Все люди считали, что капитализм обозначает правдивые, реальные отношения в обществе - не прожекты, не утопии, а конкретные дела. Прежде их заставляли верить в социализм, некоторые энтузиасты даже говорили о коммунизме, но с течением времени план развития человечества сделался окончательно понятным. Маркс, Ленин, Че Гевара и разные террористы были окончательно забыты, а если их и вспоминали, то для смеху. Простые примеры убедили людей в том, что социальные фантазеры - самые опасные типы на Земле, от них все зло и есть. Выдумают утопию, а потом убьют миллион народу - вспомните ГУЛАГ. Выдумают расовую теорию, а потом убьют миллионы - вспомните Освенцим. То ли дело трезвые, ответственные капиталисты - они, может, и выглядят непривлекательно, зато с ними надежно, капиталисты ничего не выдумывают. Демократия и капитализм - вот рецепт счастья.

Люди присмотрелись, согласились: конечно, капитализм. А что же еще строить? Ничего лучше не бывает в подлунном мире. И вдруг капитализм всех подвел. И закралось сомнение: а что если капитализм и демократия - это тоже вранье? Вдруг это тоже утопия? И вообще - что такое утопия?

Раньше считали, что утопия - это интернациональное братство трудящихся. А демократическое общество - это реальность. И даже споров здесь не возникало. Ну, разумеется, надо строить демократическое общество. А какое же еще? Не тоталитарное же. Не диктатуру же строить, не культ же личности. Понятно каждому: во всех странах люди должны строить демократию с капиталистической экономикой. Если они разумные люди, конечно. Если они свободные, не рабы. Построят рынок, станут богатыми - и как же будет всем хорошо.

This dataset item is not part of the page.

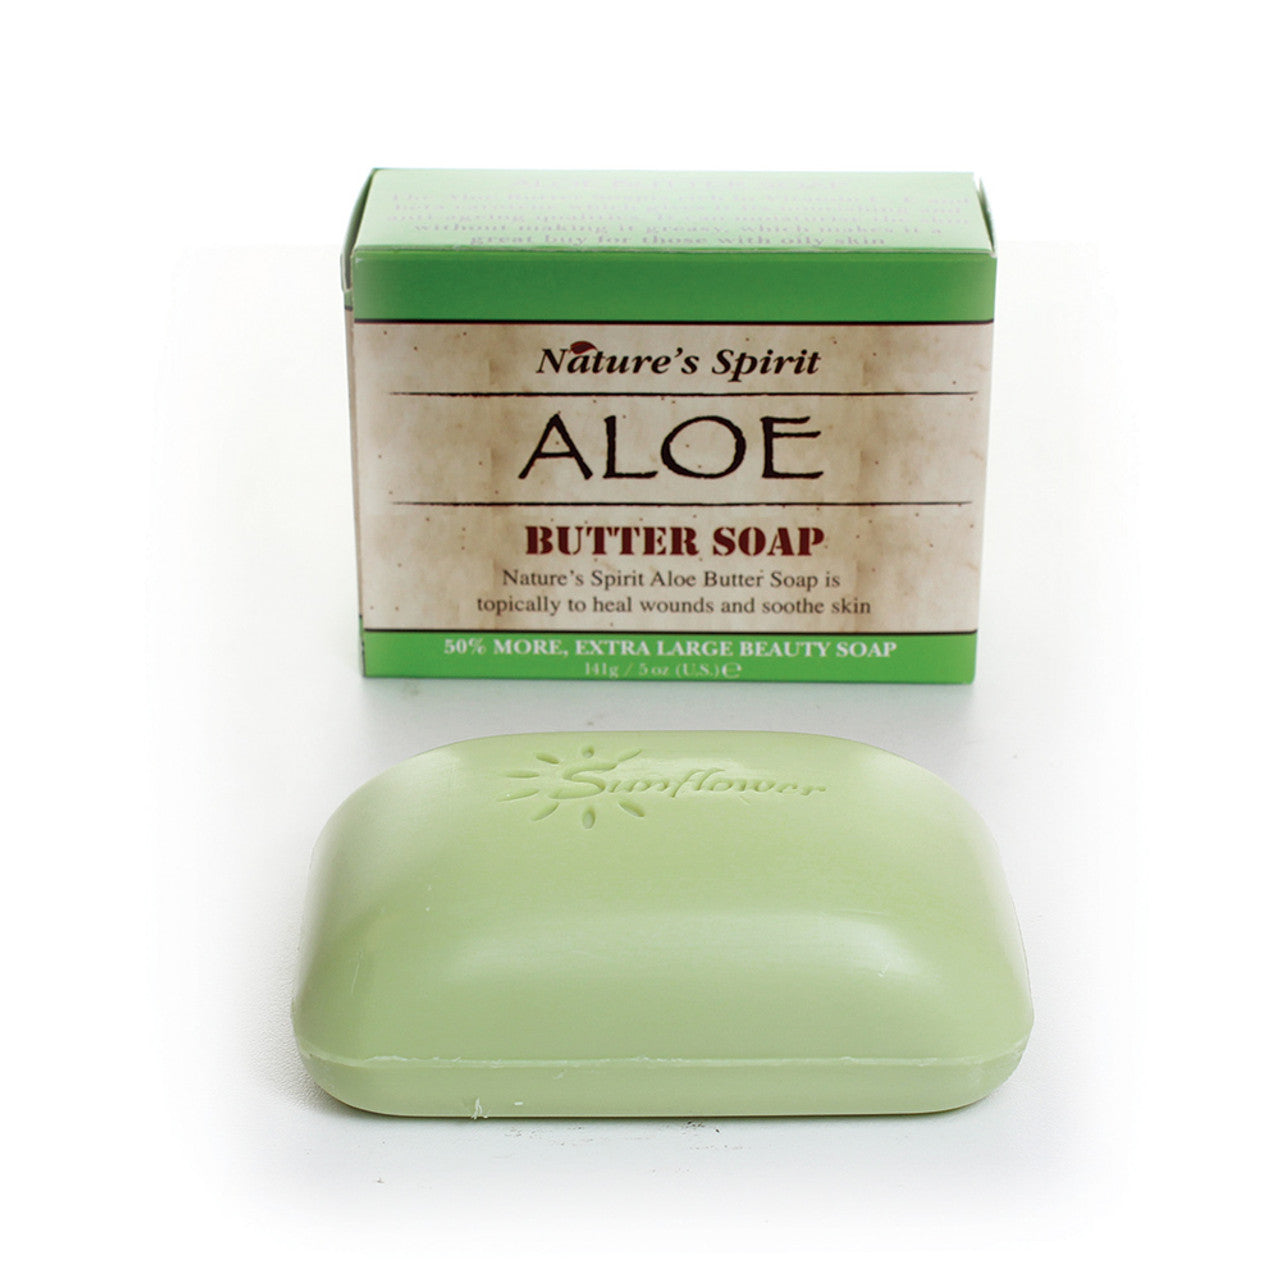 Aloe Butter Nature's Spirit Soap 5 oz.

Так что же мы построили в России, думал молодой историк Антон. Капитализм? В России и капитализм-то невозможен - пролетариата не было. А сельским хозяйством разве капитализм строят? Видимо, путем символического обмена строили символический капитализм, создали символический средний класс - но ведь за символом должна стоять и реальность. А какая она, эта реальность? Дотации нищим, пособия безработным - когда-то говорили, что в цивилизованном капиталистическом обществе так именно и бывает. Рассказывали, что, если рабочему мало платят, он идет на демонстрацию протеста и ему повышают зарплату. Но ведь ничего этого нет. Какой-то странный мы построили капитализм: без пособий, без стачек, без профсоюзов, без рабочих. Капитализмом строй называется, потому что у нас богатые есть. А разве богатым не все равно, как называется строй, при котором они богатеют? Или богатым лучше всего живется при демократии? Им так, вероятно, спокойней.

В один из своих больничных визитов Антон задал этот вопрос Татарникову, а тот переадресовал вопрос всей палате. Соседи еще были живы - и Сергей Ильич призвал их участвовать в дискуссии.

- Пусть Витя, рязанский мудрец, тебе расскажет. И Вова, конечно, мнение имеет.

Однако грубый Витя затруднился в определении общественного строя, а Вова-гинеколог предложил слишком расплывчатую дефиницию.

- Демократия! - сказал гинеколог. - Суверенная демократия.

- Суверенная - то есть, независимая? А от кого? - осторожно спросил Сергей Ильич.

- Вообще - суверенная. Президент так сказал.

- Был бы здесь Соломон Рихтер, - посетовал Сергей Ильич, - он бы все легко объяснил. Рихтер считает, что после Манифеста сорок восьмого года мир только тем и занят был, что вырабатывал стратегию - как с коммунистическим манифестом справиться. Марксом была предложена программа: трудящиеся - без государства. Владыкой мира станет труд. Все помнят?

- В школе проходили, - сказал Витя. - Хорошая программа.

- Значит, чтобы справиться с ней, надо было придумать план еще лучше. И придумали. Построили государство без трудящихся. Рай символического обмена. Демократия суверенная по отношению к демосу. Вот в таком государстве мы все и живем.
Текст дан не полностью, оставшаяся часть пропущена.